30 July 2020. An opposition rally in Minsk ahead of the August 9 Belarus election to support Sviatlana Tsikhanouskaya. Source: news.tut.by
Article by: Saltanat Janenova
Lukashenka has faced opposition before. In 2006 and 2010 Belarusian citizens attempted to call for democratic reforms, but presidential candidates ended up in prison or exile. Protests calling for political changes are now taking place at an unprecedented scale – and are being brutally suppressed.
Lukashenka was once popular and seen as charismatic. But he has become increasingly authoritarian during his 26-year tenure and now faces strong public resistance.
Coronavirus hits public trust
As of August 3, Belarus had registered 68,067 coronavirus cases and 567 deaths. It is one of the few European countries (along with Sweden) that has not introduced lockdown and strict coronavirus containment measures. Lukashenka has downplayed the risks of COVID-19 in an effort to keep the economy going.
Inadequate response to the pandemic coupled with economic decline have undermined public trust in the political leadership. In the absence of an effective government response, Belarusians had to protect themselves. Some businesses shifted to home working and volunteers have provided personal protective equipment to medical workers. Despite the World Bank forecasting a “severe shock” to the Belarusian economy and high risk to public health, the election has not been postponed.
The main take from today's protests in Belarus is that people are becoming increasingly organised and are no longer afraid of the police. Instead, they respond to violence with violence. Dozens of fights broke out with police tonight and they were often beaten and had to retreat: pic.twitter.com/a8iK5577oE
— Tadeusz Giczan (@TadeuszGiczan) July 14, 2020
Until a few months ago, it seemed Lukashenka would face three main challengers in the presidential race: Viktar Babaryka, Sergey Tsikhanouski and Valery Tsapkala.
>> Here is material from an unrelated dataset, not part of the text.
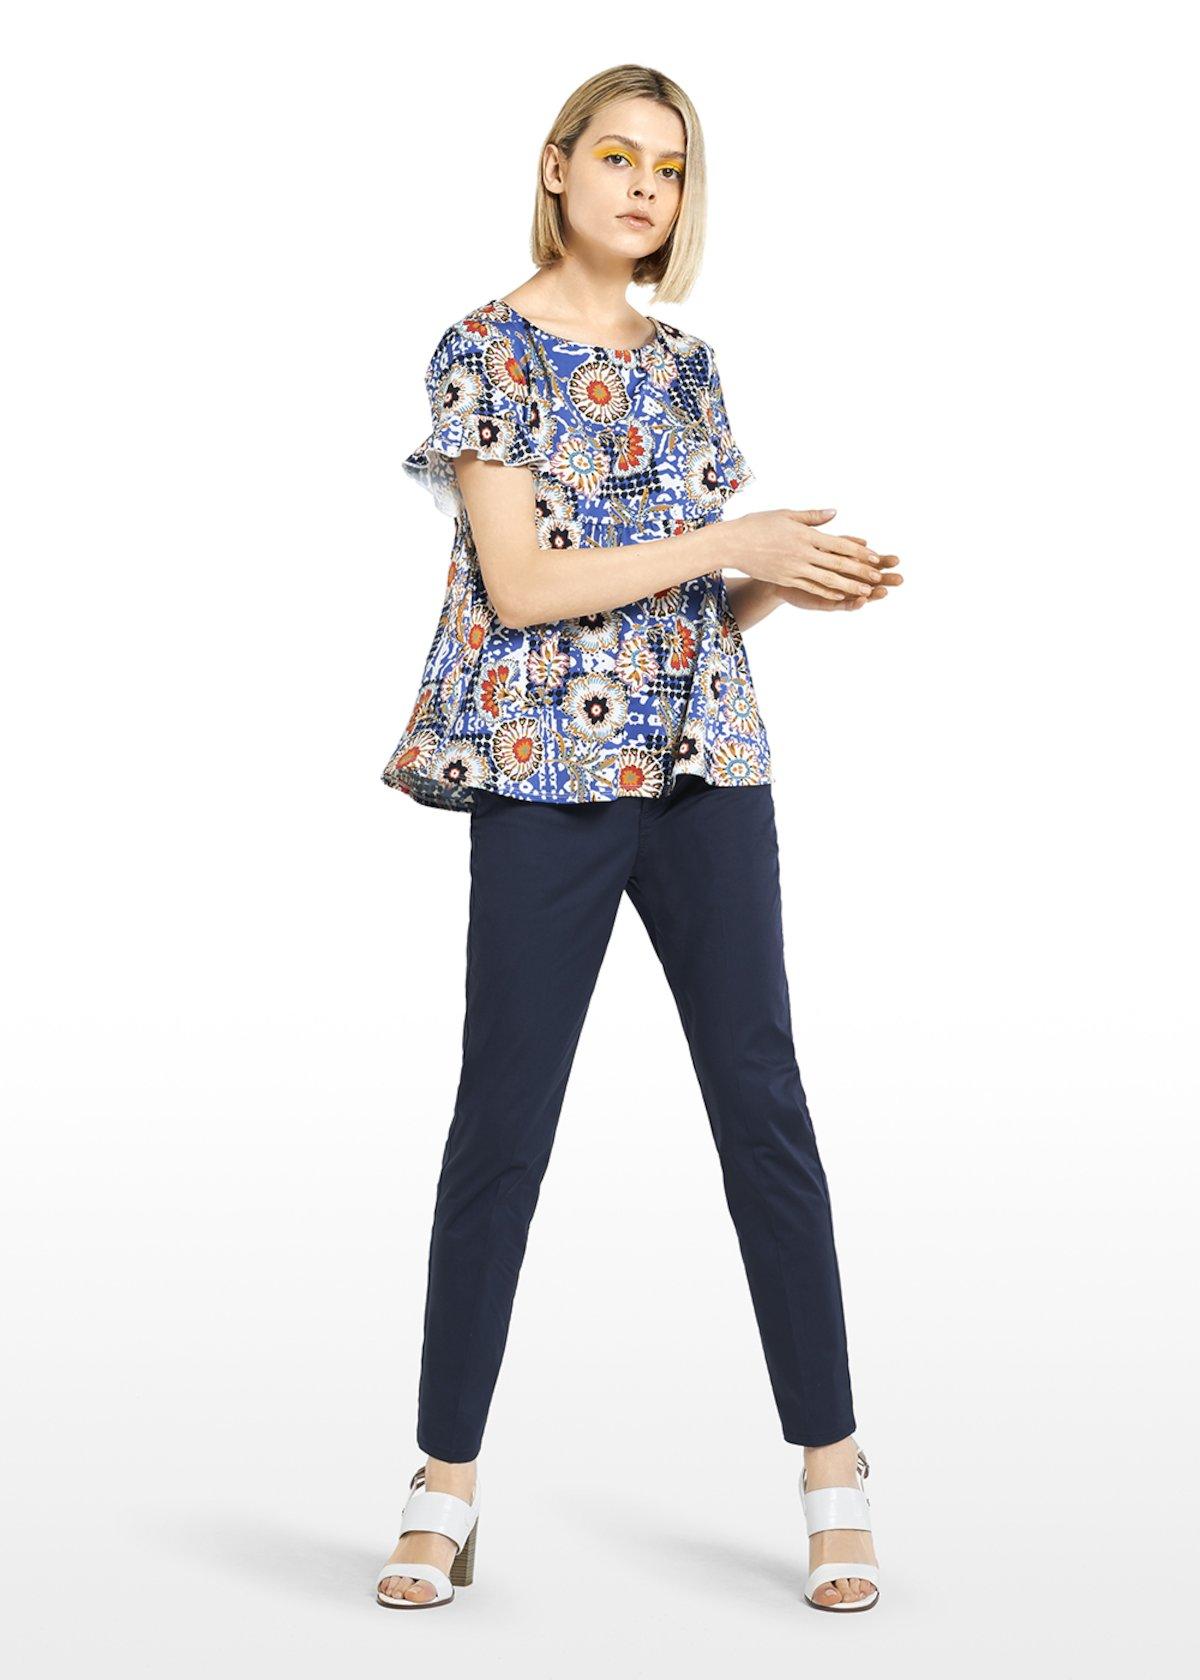 Susi t-shirt with Ankara print and ruffles - Avion / White Fantasia - Woman - Category image

But now none of them will be on the ballot.
Babaryka, the former head of Belgazprombank, the local unit of Russia’s Gazprombank, was considered the strongest opponent. He collected over 400,000 ballot access signatures during his campaign, exceeding the necessary minimum of 100,000. But on June 18, Babaryka and his son Eduard were arrested, accused of financial crimes and tax evasion.
Tsikhanouski, a blogger who runs the YouTube channel Country for Life, was also considered a strong opponent. Tsikhanouski had labelled Lukashenka a “cockroach”, calling on Belarusians to “stop the cockroach”.
In May, Tsikhanouski was detained and charged for an unsanctioned public gathering and violating public order. Rights group Amnesty International recognises both Babaryka and Tsikhanouski as prisoners of conscience.
The third main candidate, Tsapkala, served as the Belarusian ambassador to the US, founded the country’s own tech park modeled on Silicon Valley and once advised Lukashenka on science and technology. But at the end of June, Tsapkala had 100,000 signatures of support invalidated, which blocked him from continuing in the presidential race.
A new challenger
On July 14, Babaryka and Tsikhanouski were both barred from running in the election by the Belarus Central Election Commission (CEC). The following day queues of people lined up at the CEC to file complaints about the decision.
Lukashenka’s rivals subsequently united their campaigns behind Sviatlana Tsikhanouskaya, the wife of Sergey Tsikhanouski. She has unexpectedly become a revolutionary figurehead and her recent campaign rally on July 30 in Minsk gathered over 60,000 supporters.
Still, Belarus is a tough political environment for women. In May, Lukashenka said the nation’s constitution was “not made for a woman” as president, and that “our society has not matured to vote for a woman”. Politically active women and women partners of political activists are often attacked, including via messages containing threats of sexual violence or threats that their children will be taken into state custody.
Outmoded tactics for a young generation
Lukashenka’s opponents have been using Facebook, YouTube, Twitter and Viber messenger to get their message out rather than heavily censored traditional state TV and newspapers.
Lukashenka used to be able to rely on propaganda tools based on the memory of the second world war, hunger and devastation, and the need to maintain stability. But these are no longer cutting through to young Belarusians – especially those who were born after he came to power. Many are now demanding democratic changes.
Following mass opposition rallies in June, Lukashenka openly warned at a meeting with the chief of the Belarusian KGB that there will be no “Maidan” – in a reference to Ukraine’s 2013-14 revolution.
Whatever the outcome of the election, which he may try to rig, it’s clear his rule is weakening. The pandemic has left the man who has been called Europe’s “last dictator” dangerously exposed to public discontent and public mistrust.